Dryness is the Name of the Game When Wringing Chips
Wringmaster Systems has combined a live bottom unit and a chip blower, reducing chip contact with expensive components while increasing dryness and recovering even more cutting fluid.
Continuous chip wringers, to remove coolant from metal chips produced in machining processes, were developed in the early 1960s. They employed a spinning bowl shape that moved chips across a perforated surface through which the liquid was ejected. After drying, the chips were forced out of bowl into a container or conveyor. Through time, other designs evolved, some using a vertical bowl and others with horizontal or diagonal bowls. Today, most use a vertical arrangement, which uses centripetal force—much like a toy spinning top—to drastically reduce loads on bearings.

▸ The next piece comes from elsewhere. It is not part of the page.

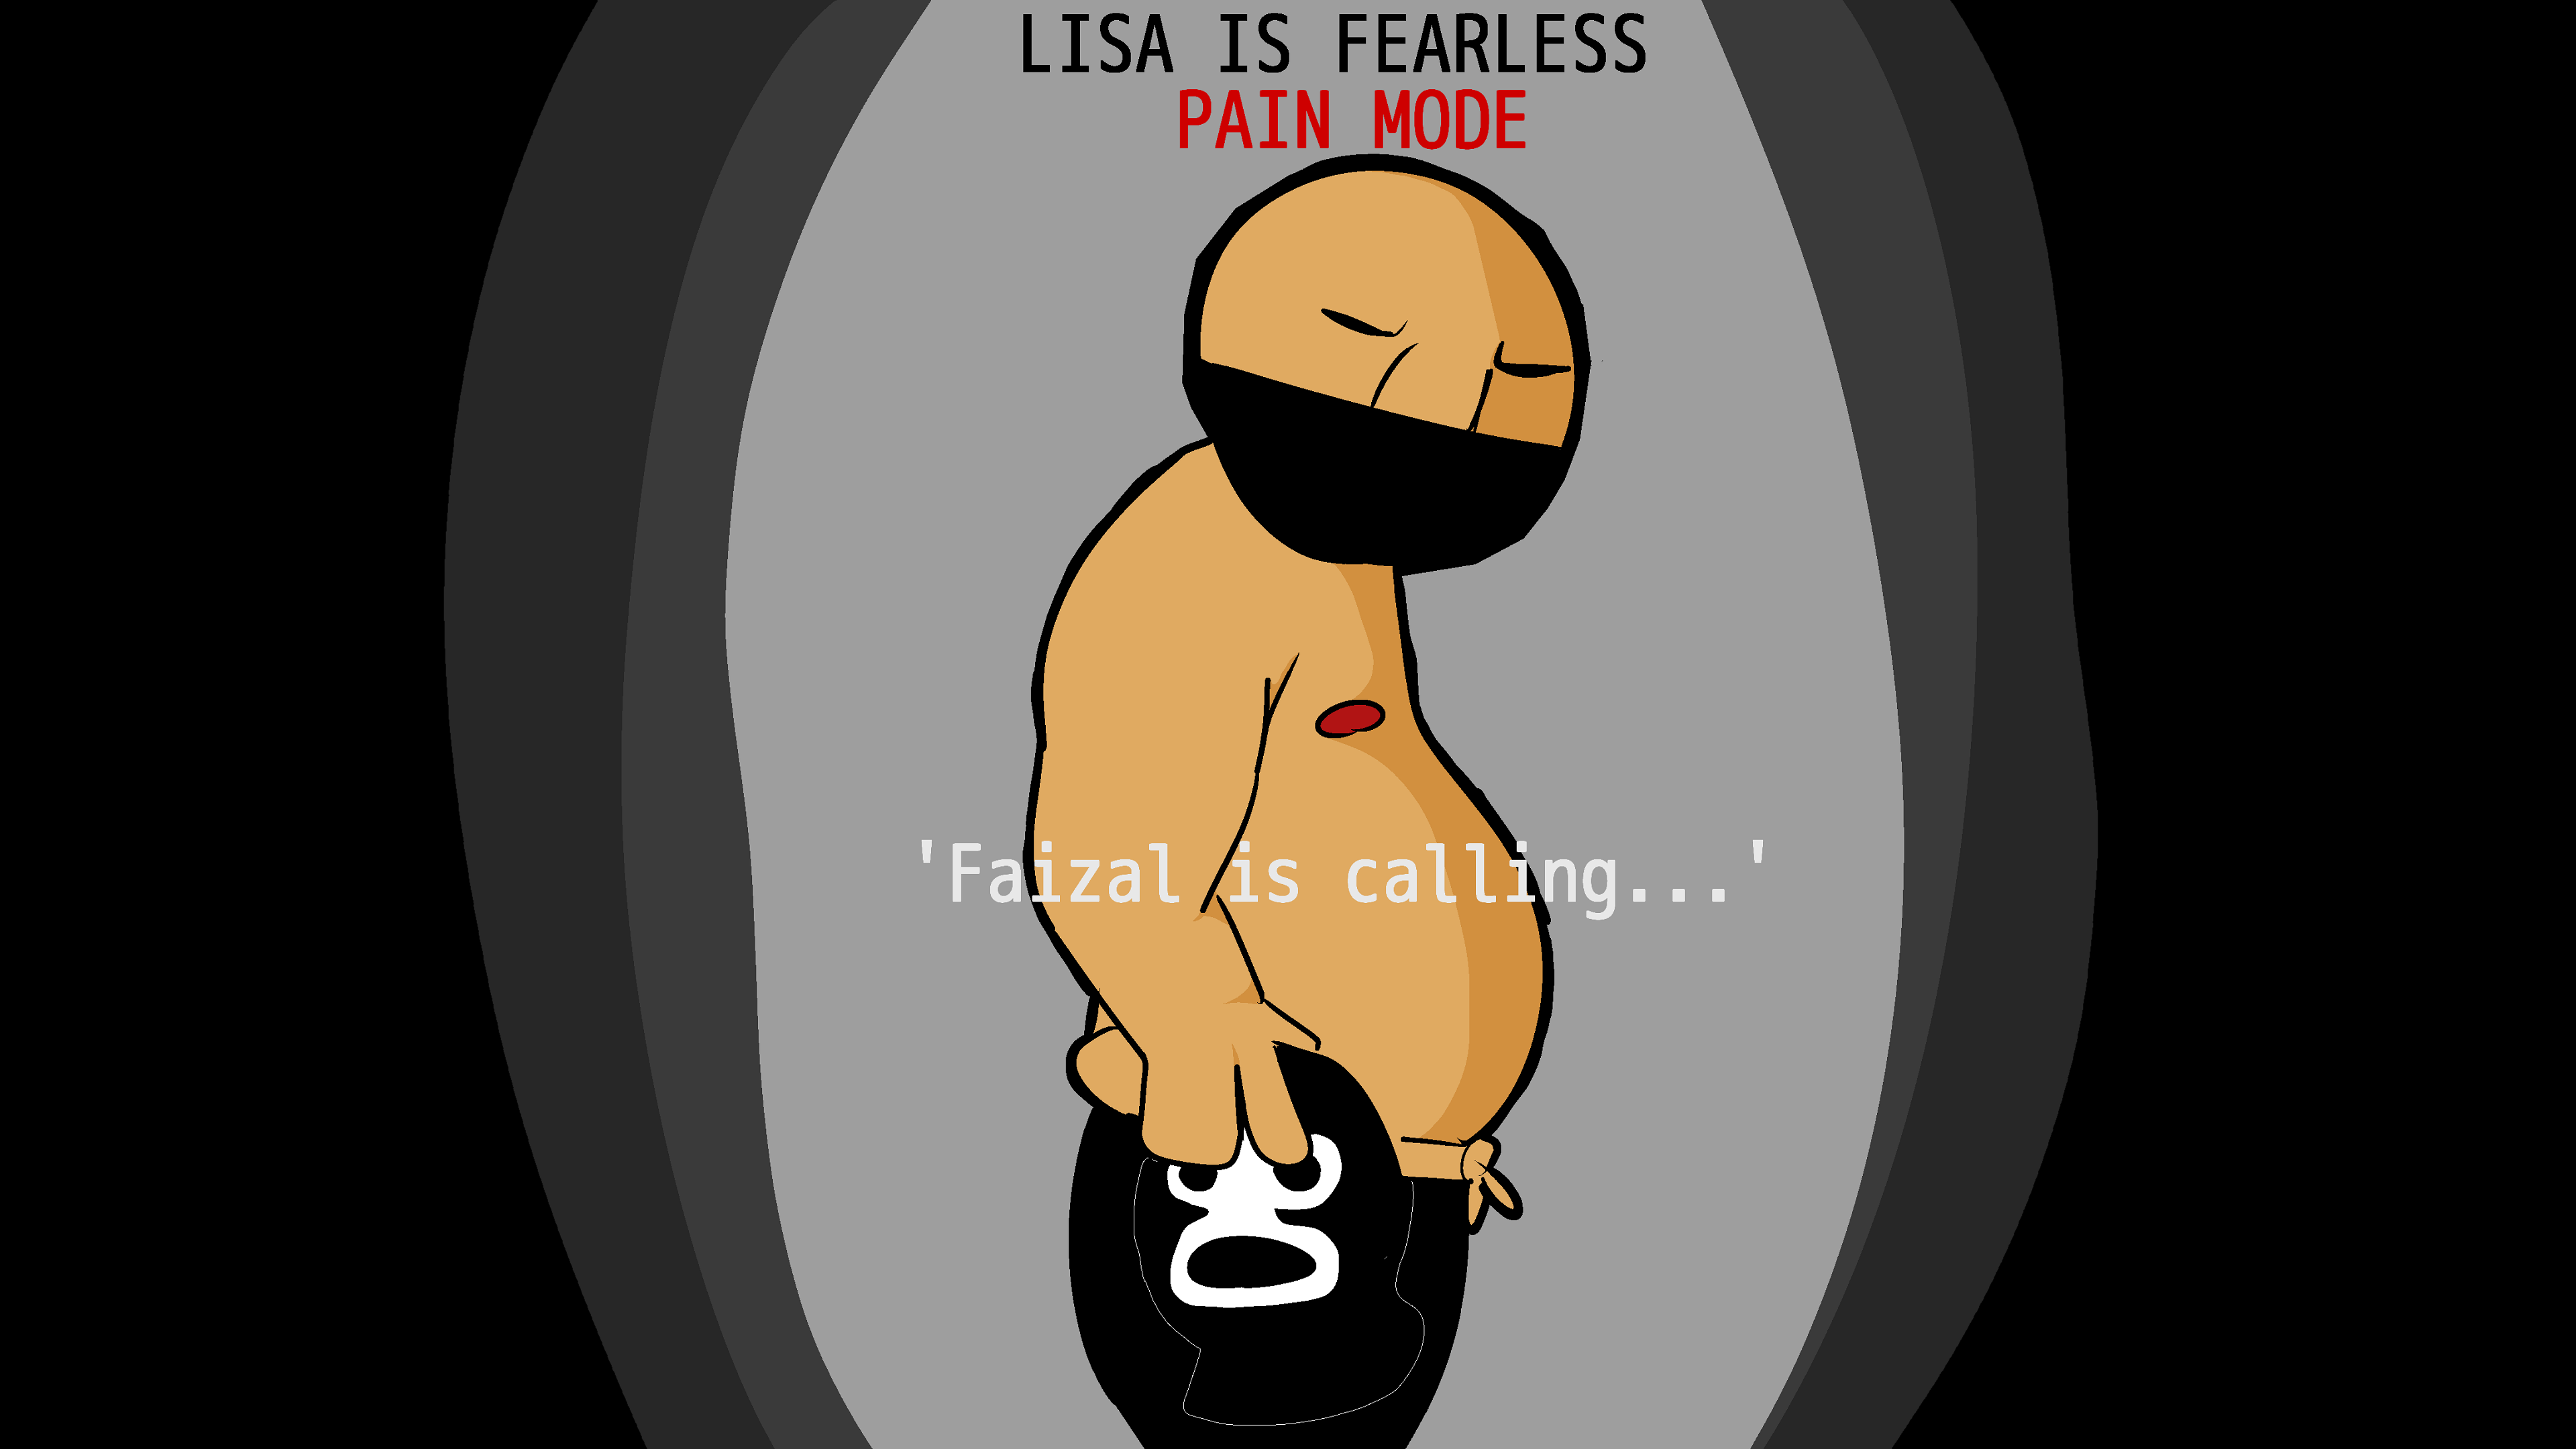 Lisa is Fearless: PAIN MODE

Wringer designs remained basically the same for decades until the late 1980s when Reclamet, then a startup company, came out with a new concept: Instead of allowing chips to fall by gravity out of a wringer, this design used a blower-shaped housing around the bowl discharge area. The result was a combination wringer/blower, eliminating the need for a discharge conveyor. The airflow caused by the blower effect was later used to separate chips from solids at the wringer inlet. This allowed the recovery of valuable workpieces and also kept potentially damaging solids from entering the wringer. Today, this chip wringer design is the most commonly employed.
Concurrently, in Europe another design called the live bottom wringer evolved that used a cylindrical bowl with a bottom that moved up and down to push chips across the screen. This design offered several advantages. It did not need internal blades, so the chip distribution on the screen remained totally uniform. The live bottom also allowed very fine material, such as grinding sludge, to be dried. However, a downside of this design is that it requires a discharge conveyor.
Since that initial redesign, Reclamet has become Wringmaster Systems and has combined the two technologies, creating a live bottom unit that is also a chip blower. In previous continuous chip wringer designs, chips move in contact with the bowl surface, consequently wearing and eroding expensive components. But with this new machine, all components in contact with chips are inexpensive and easily replaced repair parts. Also, the length and speed of the lift cycle are adjustable so a unit can be fine tuned to each application.
Dryness still remains the name of the game in wringing chips. Companies want to recover every last drop of cutting oil or remove any trace of polluting water-based coolants. The Wringmaster wringer has twice the screening area of any units now on the market. Couple this large screen with 100-percent screen utilization and the results are levels of dryness that, according to the company, were previously unattainable.